I will have to see if this works with the snipping tool in Win 11, but if not, I will find another similar solution. Today these little ******* will feel my wrath! ;)
1. Your objective with the tetris pieces is to create areas encapsulating the tetris pieces so that the PIECES inside each area can be arranged to completely fit the area; if the tetris piece is slightly rotated, then your solution can use any rotation of the piece (but not flipping!), but if it's not rotated, they have to stay in their current orientation.

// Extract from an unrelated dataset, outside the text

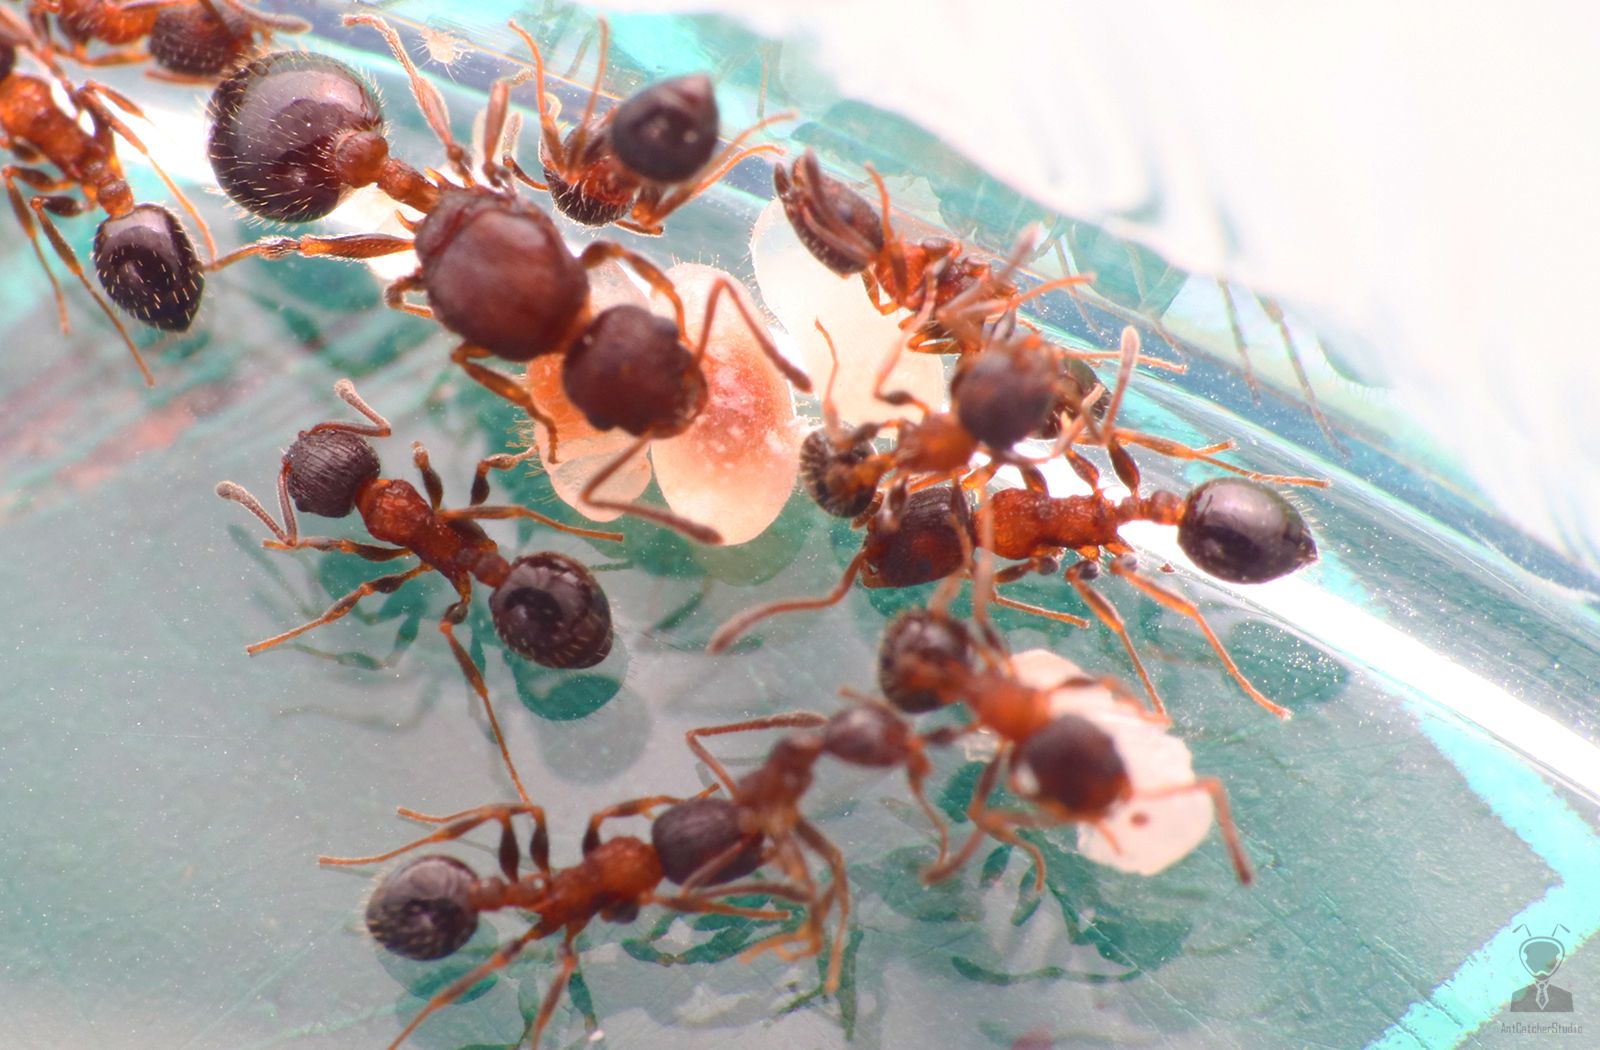 蟻后(左上)幼蟲、工蟻

2. In series of puzzles, such as in the flooded area between the mountain and the treehouse section, the puzzles that are next to each other are trying to teach you some principle. One thing many players forget to do is count how many tiles those tetris pieces have, compared to how many tiles are available in the entire puzzle. Especially when there's many pieces, it may be much easier to solve the 'inverted' puzzle: Delineate the REMAINING area (which won't have any tetris pieces in them). As an example, if the tetris pieces together have 17 tiles and the puzzle is 5x4 (= 20), then it follows that only 3 grid tiles of the puzzle won't be in the 'tetris section'. Most likely candidates are next to the 'exit' edge of the puzzle (where the line has to end) or near the start dot of the puzzle.
3. The Quarry section of the world is locked behind two gates, and one of them requires you to 'swap' the position of the two tetris pieces. Many players back when the game launched were saying this puzzle is impossible to solve, because they didn't fully grasp the RULE for the tetris pieces, thinking that each piece must be surrounded by a line that creates that same shape, and that the shape must contain the puzzle piece -- but that's imperfect understanding of the rule.
- Identify potential orientations of blocks
- Identify any connected groups
- Identify if there could be more than one connected group
- ... Profit?
This game can be particularly sneaky in how it connects blocks together. The actual location of a block can be far from where it is positioned on its square
One other thing to consider is that one "group" will always be on the same side of the line. This holds true for many other puzzle rules too.
Hope this helps!
--inch
For example, if there's one shape, one of that shape's pieces will be touching that box. This should only leave you with 3-4 configurations. If there's more than one piece, the same principal applies, only now there's the possibility the other piece is part of the shape. This sounds like it'd generate more possibilities, but it's still a very limited set of possibilities.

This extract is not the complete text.